Hacker News new | ask | show | jobs
by raincole 134 days ago
Low level numerical operation optimizations are often not reproduceable. For example: https://www.intel.com/content/dam/develop/external/us/en/doc... (2013)

But it's still surprising that that LLM doesn't work on iPhone 16 at all. After all LLMs are known for their tolerance to quantization.

1 comments

Yes, "floating point accumulation doesn't commute" is a mantra everyone should have in their head, and when I first read this article, I was jumping at the bit to dismiss it out of hand for that reason.

But, what got me about this is that:

* every other Apple device delivered the same results

* Apple's own LLM silently failed on this device

to me that behavior suggests an unexpected failure rather than a fundamental issue; it seems Bad (TM) that Apple would ship devices where their own LLM didn't work.

> floating point accumulation doesn't commute

It is commutative (except for NaN). It isn't associative though.

I think it commutes even when one or both inputs are NaN? The output is always NaN.
NaNs are distinguishable. /Which/ NaN you get doesn't commute.
I guess at the bit level, but not at the level of computation? Anything that relies on bit patterns of nans behaving in a certain way (like how they propagate) is in dangerous territory.
> Anything that relies on bit patterns of nans behaving in a certain way (like how they propagate) is in dangerous territory.

Why? This is well specified by IEEE 754. Many runtimes (e.g. for Javascript) use NaN boxing.
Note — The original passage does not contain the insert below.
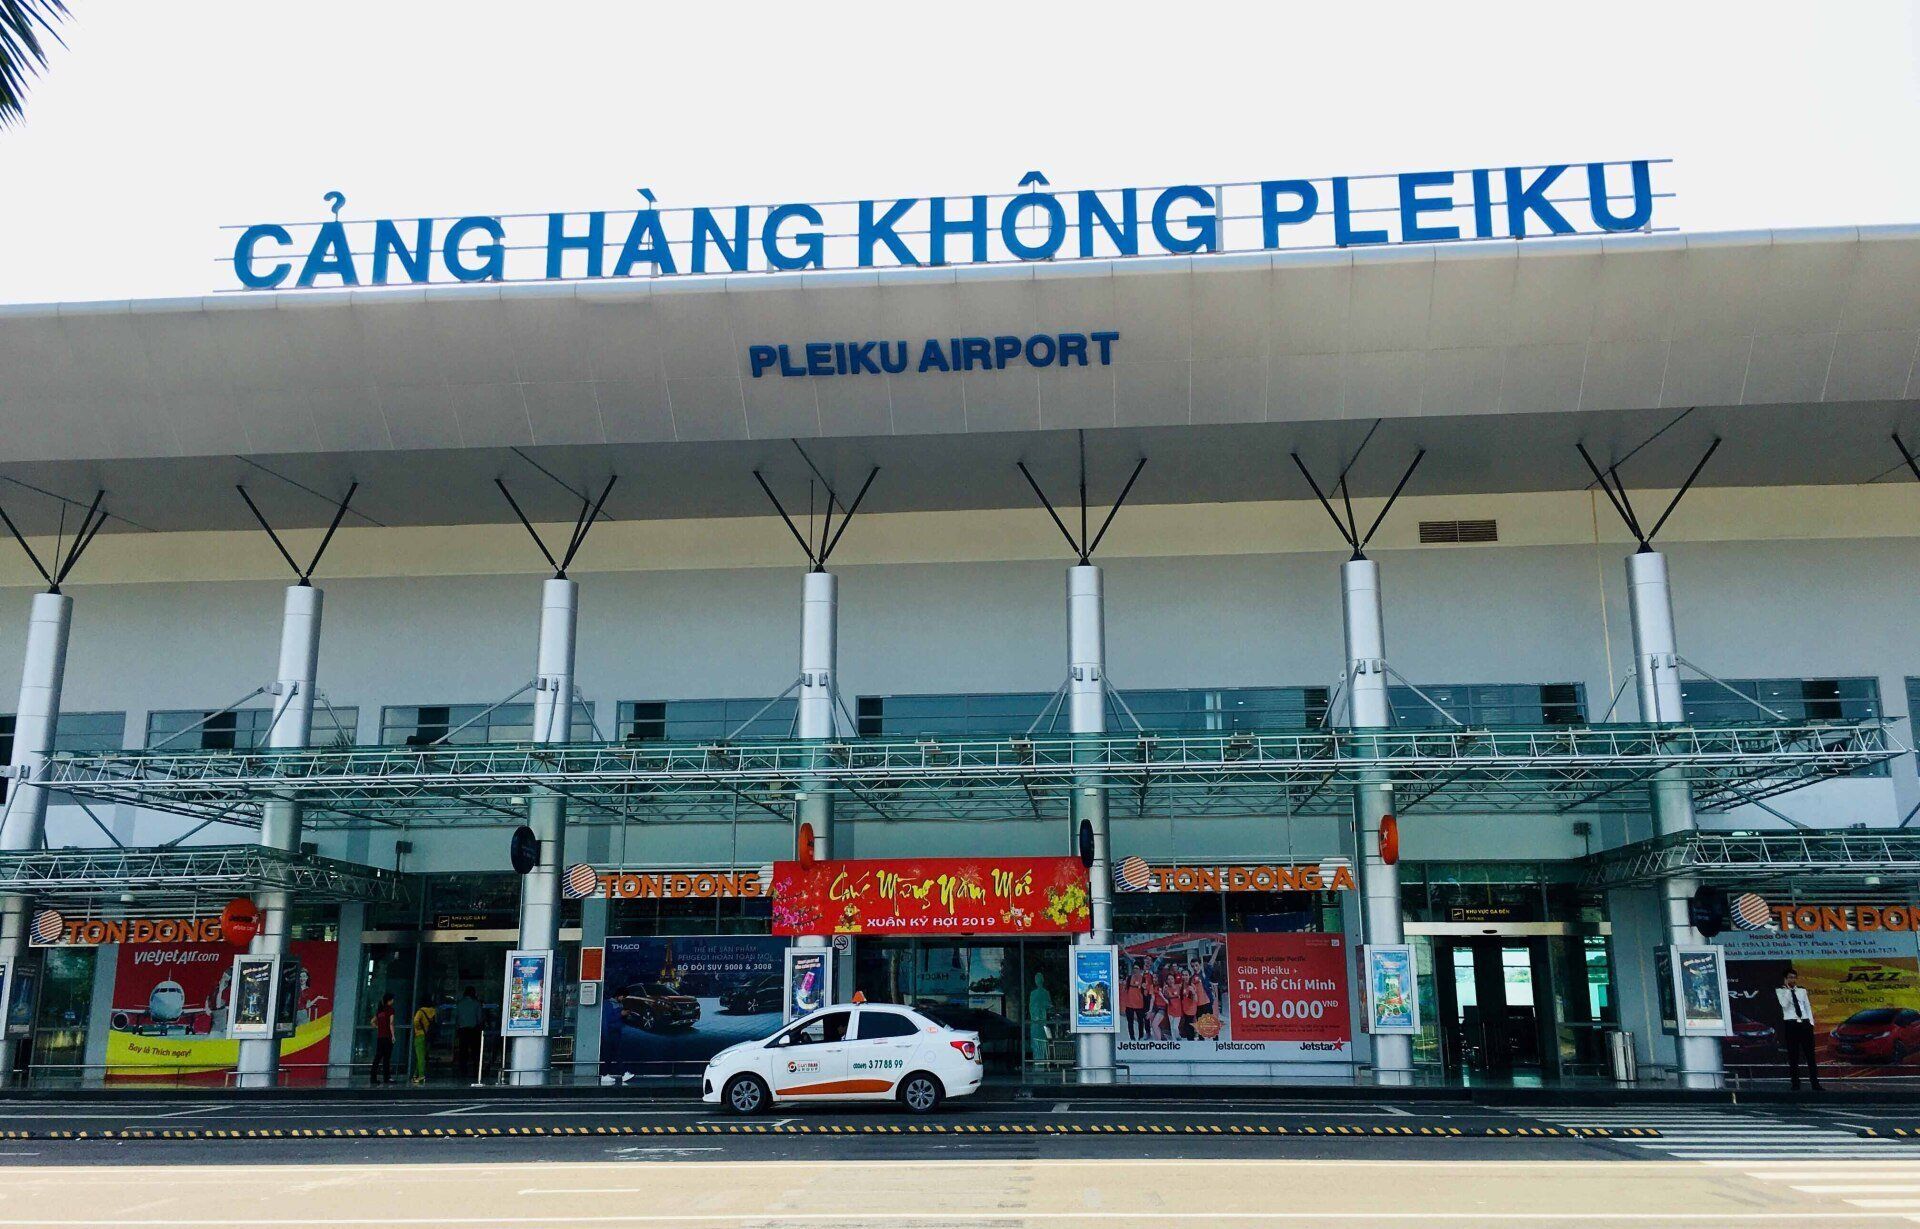 A white car is parked in front of the pleiku airport

Treating floats as a semi-arbitrary selection of rational numbers plus a handful of special values is /more/ correct than treating them as real numbers, but treating them as actually specified does give more flexibility and power.
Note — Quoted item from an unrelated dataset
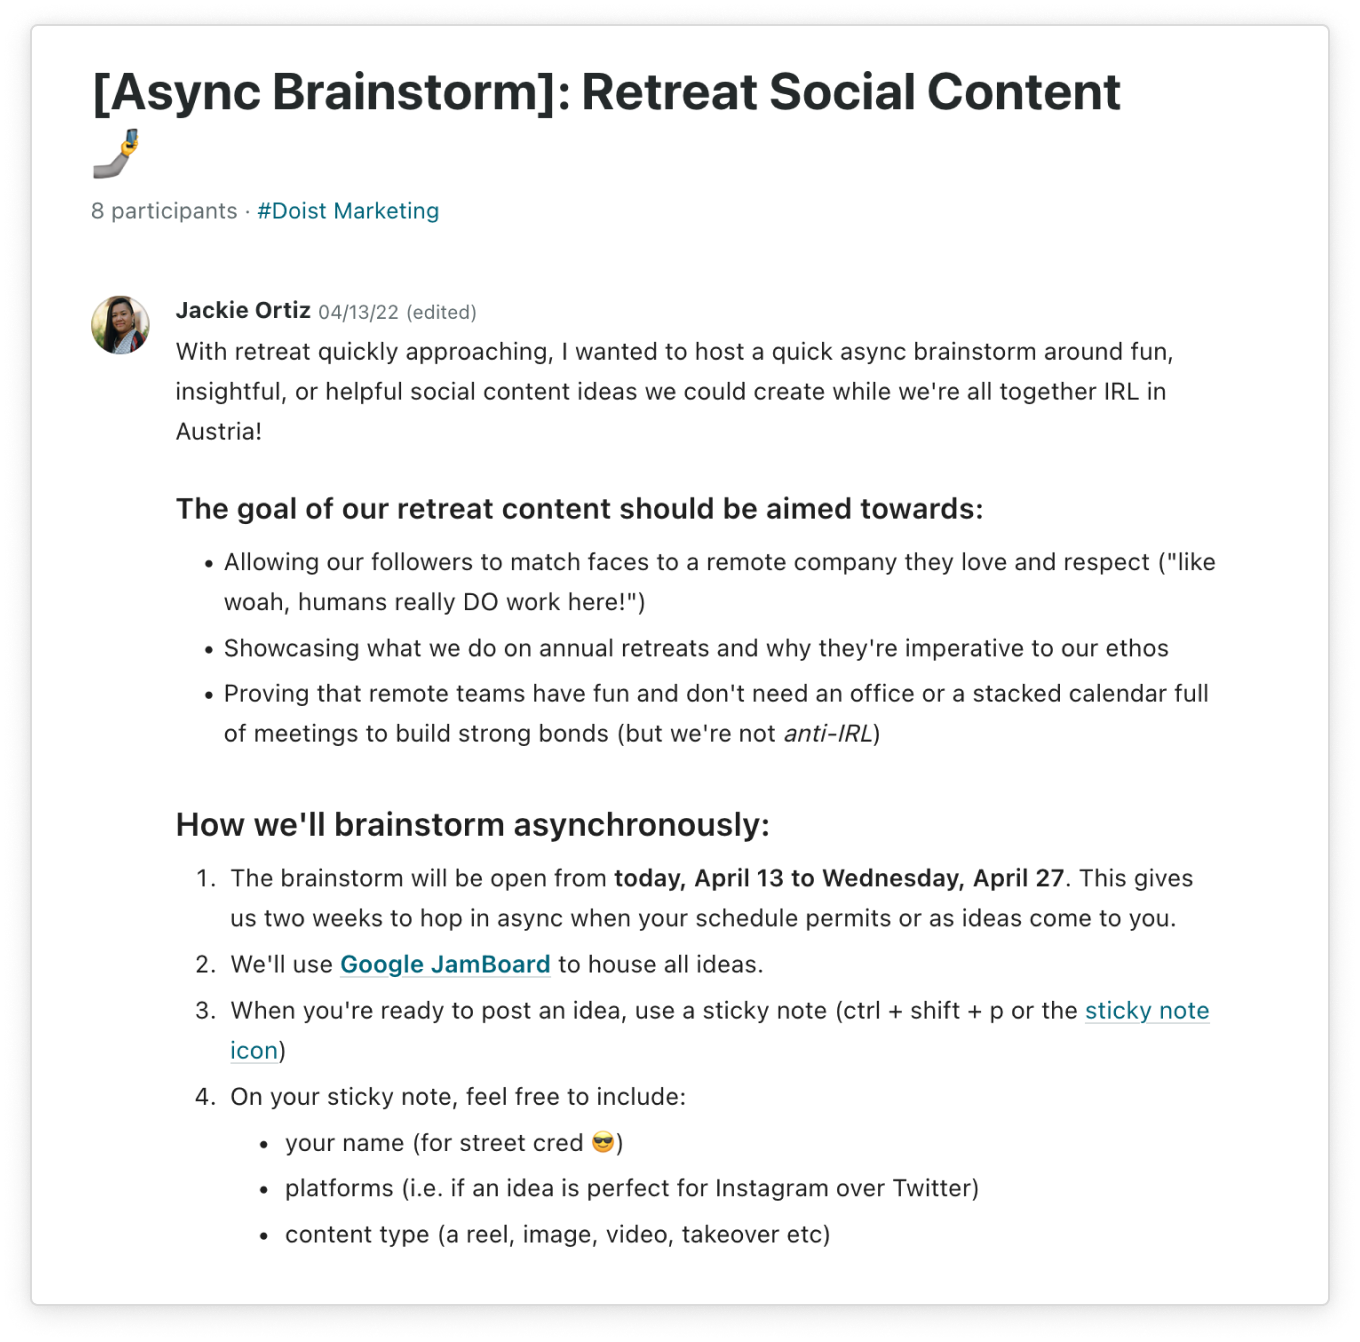 Twist thread in the #Doist Marketing channel including 8 participants titled "[Async Brainstorm] Retreat Social Content"

Unless you compile with fast-math ofc, because then the compiler will assume that NaN never occurs in the program.
I would go even further and state that "you should never assume that floating point functions will evaluate the same on two different computers, or even on two different versions of the same application", as the results of floating point evaluations can differ depending on platform, compiler optimizations, compilation-flags, run-time FPU environment (rounding mode, &c.), and even memory alignment of run-time data.
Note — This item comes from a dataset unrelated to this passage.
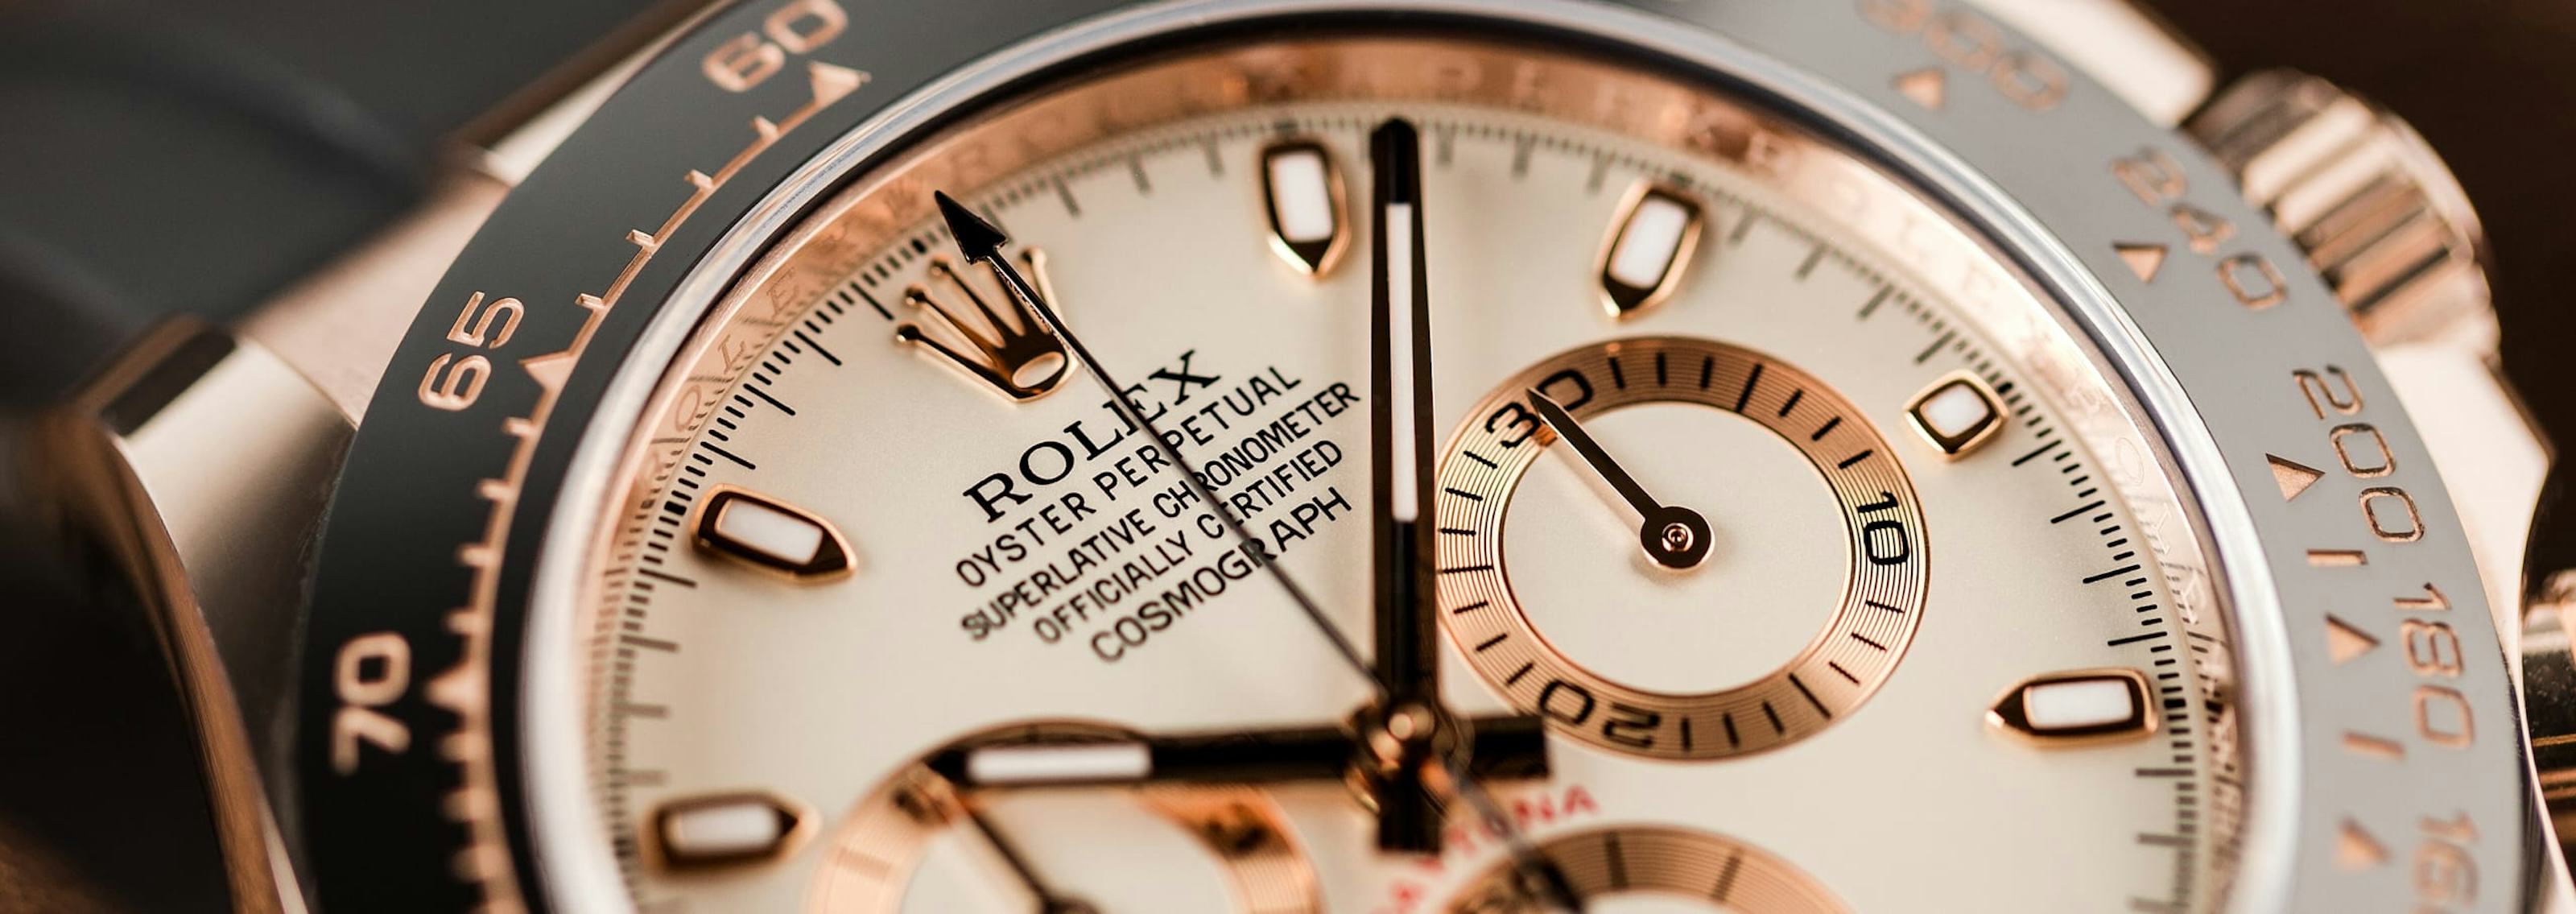 Proprietary Rolex Materials: What Do They All Mean?

There's a C++26 paper about compile time math optimizations with a good overview and discussion about some of these issues [P1383]. The paper explicitly states:

1. It is acceptable for evaluation of mathematical functions to differ between translation time and runtime.

2. It is acceptable for constant evaluation of mathematical functions to differ between platforms.

So C++ has very much accepted the fact that floating point functions should not be presumed to give identical results in all circumstances.

Now, it is of course possible to ensure that floating point-related functions give identical results on all your target machines, but it's usually not worth the hassle.

[P1383]: https://www.open-std.org/jtc1/sc22/wg21/docs/papers/2023/p13...

Even the exact same source code compiled with different compilers, or the same compiler with different compiler options.

Intel Compiler for e.g. uses less than IEEE764 precision for floating point ops by default, for example.

FYI, the saying is "champing at the bit", it comes from horses being restrained.
Huh. I never knew "champing" was the proper spelling [0]

[0] https://www.npr.org/sections/memmos/2016/06/09/605796769/che...

hey, I appreciate your love of language and sharing with us.

I'm wondering if we couldn't re-think "bit" to the computer science usage instead of the thing that goes in the horse's mouth, and what it would mean for an AI agent to "champ at the bit"?

What new sayings will we want?

Byting at the bit?
chomping at the bit
Actually it was originally "champing" – to grind or gnash teeth. The "chomping" (to bite) alternative cropped up more recently as people misheard and misunderstood, but it's generally accepted as an alternative now.
I see
It’s actually accepted as the primary now and telling people about “champing” is just seen as archaic.
Do you have a source on this, or a definition for what it means to be "primary" here? All I can find is sources confirming that "champing" is the original and more technically correct, but that "chomping" is an accepted variant.
As a sister comment said, floating point computations are commutative, but not associative.

a * b = b * a for all "normal" floating point numbers.